Por Rodrigo Borges Delfim
Em São Paulo (SP)
O ato em apoio ao refugiado Mohamed Ali no Rio de Janeiro ganhou repercussão nacional. Milhares de pessoas compartilharam e se solidarizaram com sua história nas redes sociais ou foram até o pequeno carrinho onde vende suas esfihas no Rio de Janeiro – até uma vaquinha online está em curso para ajudá-lo a ter seu próprio foodtruck.
Reações humanas nobres e solidárias como a que Mohamed recebeu são como brisas de ar fresco em um ambiente cada vez mais abafado por intolerância e indiferença em relação ao outro, seja ele migrante, refugiado ou qualquer outra minoria social. Provavelmente está aí pelo menos um dos motivos pelos quais o ato em apoio ao refugiado tenha tomado a repercussão que tomou: foi a exceção à “regra”.

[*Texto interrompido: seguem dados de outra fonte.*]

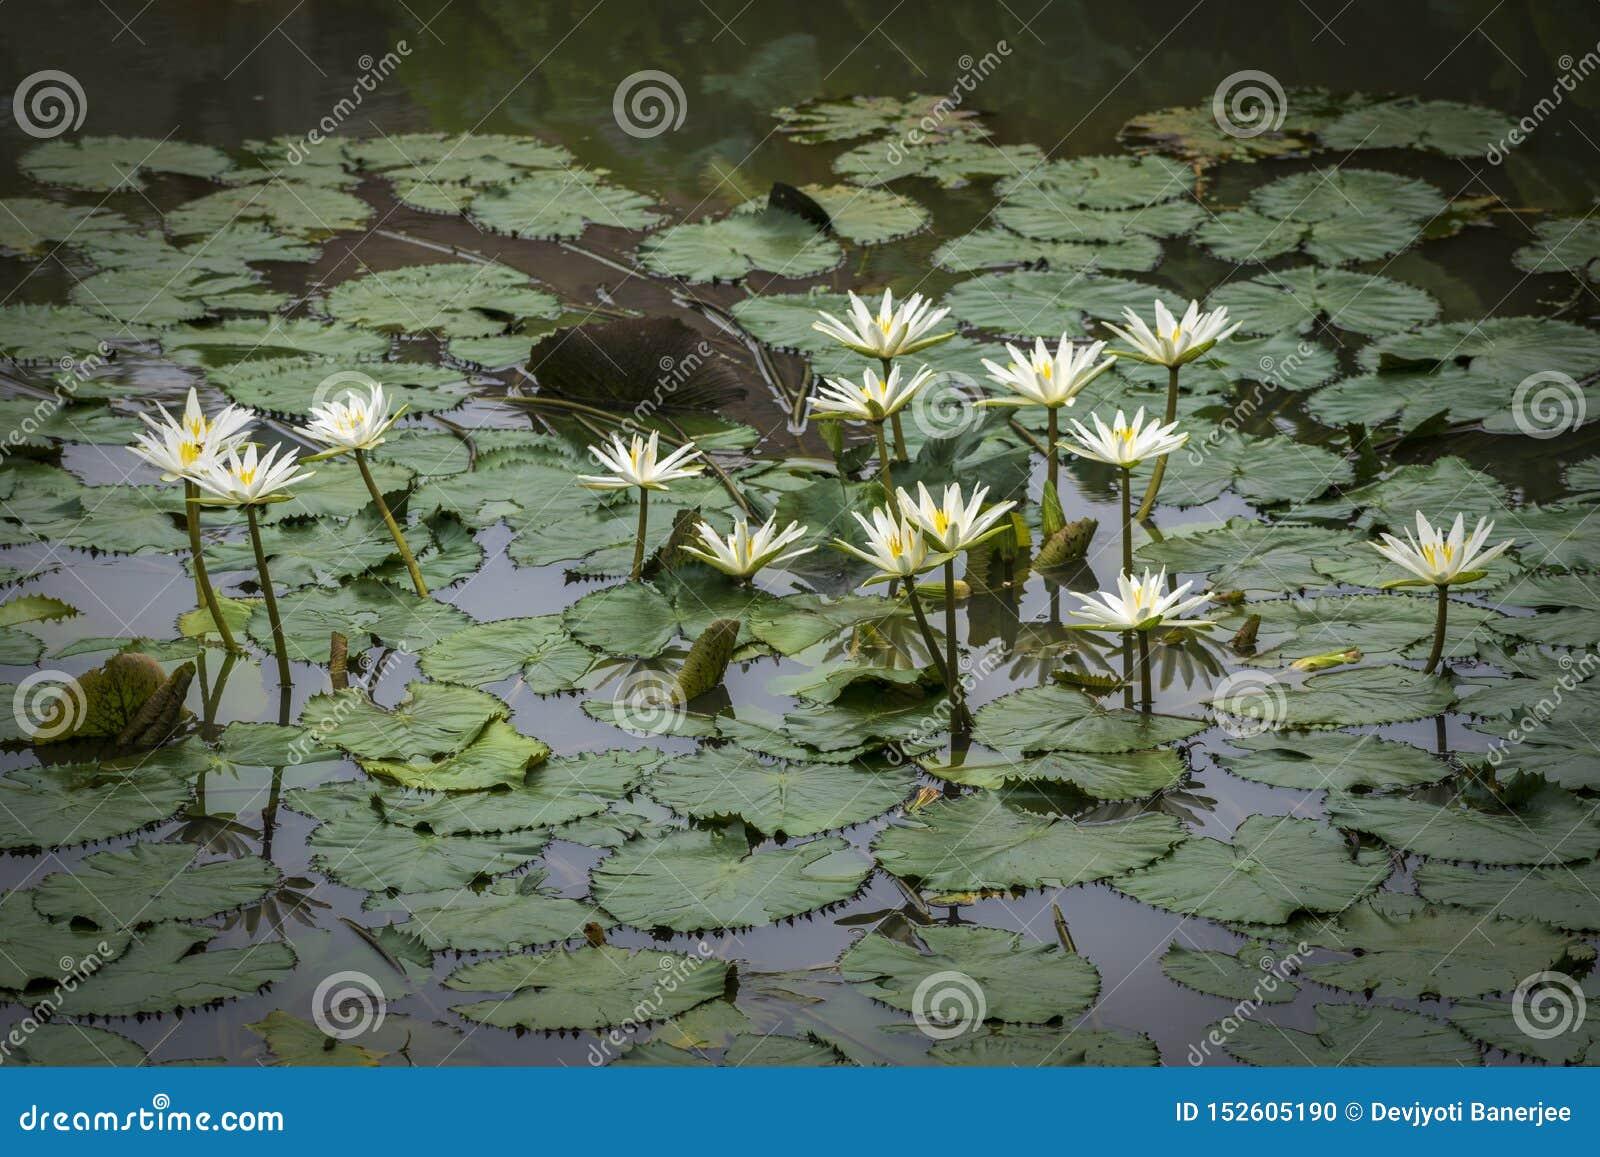 Kallade vita Nymphaeaalbum för älskvärda blommor, gemensamt näckrons bland gröna sidor och blått vatten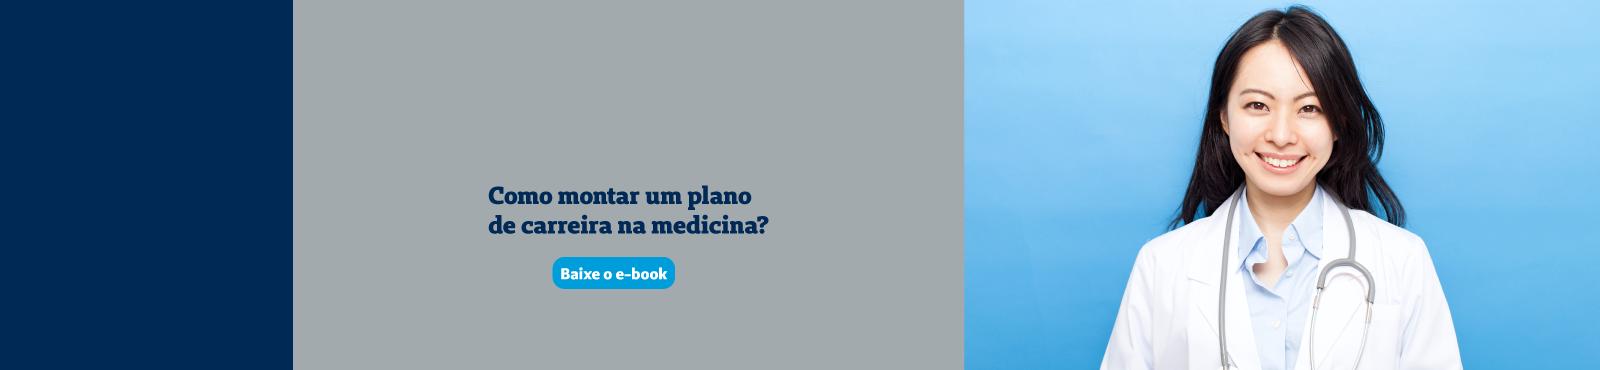 Como manter um plano de carreira na medicina. Botão de Baixe o e-book

Regra essa que dias antes causou o ato de xenofobia contra Mohamed, que atinge diretamente pessoas em todo o mundo que cometem a “ousadia” de viver em um país diferente do qual nasceu e onde são vistas como potenciais invasores e usurpadores de direitos sociais e políticos – e que nem sempre ganham o mundo do Facebook ou são registradas por telefones celulares.
Regra essa que ajudou a motivar os atos xenofóbicos e racistas ocorridos em São Paulo contra os migrantes e a Lei de Migração pouco antes de sua sanção. Regra que está bem alinhada com o contexto internacional, no qual o discurso xenofóbico, racista e segregacionista ganha espaço sem cerimônia, fazendo a humanidade retroceder décadas no tempo e no espaço – o caso de Charlottesville (EUA) é só mais um triste (e assustador) exemplo.
Se a brisa de ar fresco representada pelo ato em solidariedade a Mohamed no Rio faz tão bem, por que a sociedade insiste em manter fechadas as portas e janelas de suas consciências e não deixa o ar circular por completo? Seria uma solidariedade seletiva por conta da repercussão que o caso ganhou no Brasil? Seria só para parecer “cool” por um dia?
Por que não transformar atos de solidariedade em regra? Regra essa que, aliás, deve ser aplicada no cotidiano – na fila do supermercado, no transporte público, no ambiente de trabalho, no jogo de futebol, dentro de casa – e não apenas quando a ofensa contra um ser humano viraliza nas redes sociais.
Talvez eu esteja me fazendo perguntas demais, é verdade. Mas os questionamentos estão bem diante do nariz de cada um, embora a maioria prefira ignorar e manter sua vida cotidiana como se nada tivesse acontecido. E quanto mais ignoradas são essas questões, mais abafado fica o cômodo da sua consciência.
Que atos de solidariedade como o que beneficiaram Mohamed ajudem a abrir portas e janelas da consciência de outras pessoas sobre o que acontece no mundo e deixem de se tornar excepcionais. Que ser “humano” se torne a regra, e não a exceção.
Para começar, que Mohamed e outros migrantes e refugiados no mundo possam reconstruir suas vidas em paz. E que num futuro próximo (mesmo sendo utópico desejar isso hoje), que migrar se torne um direito, e não um ato para salvar a própria vida.